_AIM OF THE EXERCISE:_ In the records below, begin at the line that has "Pineapple and beach in Zanzibar, Tanzania" and stop after the line that has "OnePeak Medical - retinol"; quote those lines verbatim and nothing more.

_SUPPLIED INFORMATION:_
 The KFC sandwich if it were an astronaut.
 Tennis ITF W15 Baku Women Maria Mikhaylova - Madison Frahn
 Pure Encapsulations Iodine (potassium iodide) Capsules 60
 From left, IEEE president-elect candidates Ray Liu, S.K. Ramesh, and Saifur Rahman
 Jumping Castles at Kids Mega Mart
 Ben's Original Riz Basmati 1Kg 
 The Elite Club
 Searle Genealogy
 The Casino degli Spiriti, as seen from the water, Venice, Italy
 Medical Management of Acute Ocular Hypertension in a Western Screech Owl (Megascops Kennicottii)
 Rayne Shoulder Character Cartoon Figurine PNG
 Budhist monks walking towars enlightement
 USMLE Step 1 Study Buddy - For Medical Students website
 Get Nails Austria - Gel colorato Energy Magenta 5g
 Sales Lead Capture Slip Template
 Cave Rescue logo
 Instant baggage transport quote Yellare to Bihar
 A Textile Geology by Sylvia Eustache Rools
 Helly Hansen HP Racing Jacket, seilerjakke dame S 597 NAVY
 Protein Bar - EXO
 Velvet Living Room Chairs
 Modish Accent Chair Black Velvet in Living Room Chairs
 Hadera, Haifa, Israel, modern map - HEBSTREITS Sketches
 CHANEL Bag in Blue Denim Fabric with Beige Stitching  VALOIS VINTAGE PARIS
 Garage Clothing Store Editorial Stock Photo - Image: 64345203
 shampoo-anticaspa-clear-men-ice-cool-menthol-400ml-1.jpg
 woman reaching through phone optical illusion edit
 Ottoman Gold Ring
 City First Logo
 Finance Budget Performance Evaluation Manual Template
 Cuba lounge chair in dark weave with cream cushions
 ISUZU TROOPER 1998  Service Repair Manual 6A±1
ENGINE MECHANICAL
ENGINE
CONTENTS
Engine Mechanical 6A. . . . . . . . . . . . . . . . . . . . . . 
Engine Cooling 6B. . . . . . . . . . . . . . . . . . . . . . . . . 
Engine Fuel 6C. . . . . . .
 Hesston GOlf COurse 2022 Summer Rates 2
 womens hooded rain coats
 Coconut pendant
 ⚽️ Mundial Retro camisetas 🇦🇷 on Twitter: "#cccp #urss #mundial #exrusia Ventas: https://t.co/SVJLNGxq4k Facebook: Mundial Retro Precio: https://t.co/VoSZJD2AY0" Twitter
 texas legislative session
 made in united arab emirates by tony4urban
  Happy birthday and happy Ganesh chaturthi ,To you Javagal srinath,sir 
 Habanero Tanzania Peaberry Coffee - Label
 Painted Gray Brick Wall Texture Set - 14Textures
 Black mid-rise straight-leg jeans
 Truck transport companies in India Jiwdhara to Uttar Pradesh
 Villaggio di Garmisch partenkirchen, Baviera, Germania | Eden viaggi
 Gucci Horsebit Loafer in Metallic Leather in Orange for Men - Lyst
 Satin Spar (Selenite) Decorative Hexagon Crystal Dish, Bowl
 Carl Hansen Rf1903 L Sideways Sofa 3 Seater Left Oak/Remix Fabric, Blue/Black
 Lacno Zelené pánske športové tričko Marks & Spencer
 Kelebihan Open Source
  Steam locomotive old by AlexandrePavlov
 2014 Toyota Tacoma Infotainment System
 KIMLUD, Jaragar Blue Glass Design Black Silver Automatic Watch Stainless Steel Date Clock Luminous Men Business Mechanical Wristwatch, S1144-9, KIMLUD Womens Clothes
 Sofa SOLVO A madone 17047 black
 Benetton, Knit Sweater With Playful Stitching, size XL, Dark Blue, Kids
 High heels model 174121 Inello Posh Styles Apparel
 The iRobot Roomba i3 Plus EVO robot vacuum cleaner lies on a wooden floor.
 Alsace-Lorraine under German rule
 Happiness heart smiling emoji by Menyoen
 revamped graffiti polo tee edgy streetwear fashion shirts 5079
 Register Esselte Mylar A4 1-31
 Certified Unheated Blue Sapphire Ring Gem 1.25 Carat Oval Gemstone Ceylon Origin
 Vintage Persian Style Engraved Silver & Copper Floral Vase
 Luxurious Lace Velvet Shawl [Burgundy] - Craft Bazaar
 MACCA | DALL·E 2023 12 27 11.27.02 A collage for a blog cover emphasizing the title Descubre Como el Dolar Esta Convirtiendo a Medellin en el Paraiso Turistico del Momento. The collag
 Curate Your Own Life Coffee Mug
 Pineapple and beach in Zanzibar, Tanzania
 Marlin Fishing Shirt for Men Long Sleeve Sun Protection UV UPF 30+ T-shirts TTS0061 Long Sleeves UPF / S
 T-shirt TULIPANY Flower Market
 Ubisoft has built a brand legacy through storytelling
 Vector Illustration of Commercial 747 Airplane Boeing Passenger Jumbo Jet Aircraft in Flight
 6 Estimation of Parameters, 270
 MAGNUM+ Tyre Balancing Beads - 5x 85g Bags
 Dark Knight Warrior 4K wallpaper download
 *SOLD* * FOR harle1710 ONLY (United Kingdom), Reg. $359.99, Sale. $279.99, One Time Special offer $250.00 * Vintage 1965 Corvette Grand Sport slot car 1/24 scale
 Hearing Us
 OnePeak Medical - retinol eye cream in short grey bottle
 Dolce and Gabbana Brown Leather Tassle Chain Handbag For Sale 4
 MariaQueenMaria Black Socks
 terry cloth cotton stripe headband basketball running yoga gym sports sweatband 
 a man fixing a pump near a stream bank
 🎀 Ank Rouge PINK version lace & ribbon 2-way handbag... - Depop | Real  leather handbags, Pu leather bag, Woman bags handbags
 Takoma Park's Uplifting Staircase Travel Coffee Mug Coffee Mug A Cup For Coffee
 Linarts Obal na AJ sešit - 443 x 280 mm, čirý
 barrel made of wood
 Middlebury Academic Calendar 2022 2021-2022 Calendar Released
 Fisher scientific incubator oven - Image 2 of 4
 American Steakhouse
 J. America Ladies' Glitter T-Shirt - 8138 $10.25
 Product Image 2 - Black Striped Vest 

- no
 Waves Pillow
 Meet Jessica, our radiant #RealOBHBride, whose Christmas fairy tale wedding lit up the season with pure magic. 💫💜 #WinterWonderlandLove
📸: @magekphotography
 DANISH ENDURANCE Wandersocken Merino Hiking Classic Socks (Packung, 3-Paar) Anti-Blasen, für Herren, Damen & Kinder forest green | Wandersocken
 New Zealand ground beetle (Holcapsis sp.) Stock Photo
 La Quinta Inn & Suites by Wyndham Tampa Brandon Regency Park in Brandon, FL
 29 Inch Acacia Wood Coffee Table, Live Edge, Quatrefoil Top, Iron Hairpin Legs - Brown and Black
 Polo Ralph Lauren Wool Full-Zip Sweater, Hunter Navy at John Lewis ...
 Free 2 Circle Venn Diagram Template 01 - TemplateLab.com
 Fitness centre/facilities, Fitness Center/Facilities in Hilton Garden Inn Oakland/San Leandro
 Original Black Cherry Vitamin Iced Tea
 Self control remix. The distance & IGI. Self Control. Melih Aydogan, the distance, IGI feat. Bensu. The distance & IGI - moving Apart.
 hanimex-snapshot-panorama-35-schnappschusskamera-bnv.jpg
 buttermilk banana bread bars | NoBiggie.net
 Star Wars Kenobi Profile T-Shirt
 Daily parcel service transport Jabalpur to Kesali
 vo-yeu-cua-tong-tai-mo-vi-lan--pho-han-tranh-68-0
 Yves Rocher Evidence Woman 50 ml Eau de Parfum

_RESPONSE AREA:_
 Pineapple and beach in Zanzibar, Tanzania
 Marlin Fishing Shirt for Men Long Sleeve Sun Protection UV UPF 30+ T-shirts TTS0061 Long Sleeves UPF / S
 T-shirt TULIPANY Flower Market
 Ubisoft has built a brand legacy through storytelling
 Vector Illustration of Commercial 747 Airplane Boeing Passenger Jumbo Jet Aircraft in Flight
 6 Estimation of Parameters, 270
 MAGNUM+ Tyre Balancing Beads - 5x 85g Bags
 Dark Knight Warrior 4K wallpaper download
 *SOLD* * FOR harle1710 ONLY (United Kingdom), Reg. $359.99, Sale. $279.99, One Time Special offer $250.00 * Vintage 1965 Corvette Grand Sport slot car 1/24 scale
 Hearing Us
 OnePeak Medical - retinol eye cream in short grey bottle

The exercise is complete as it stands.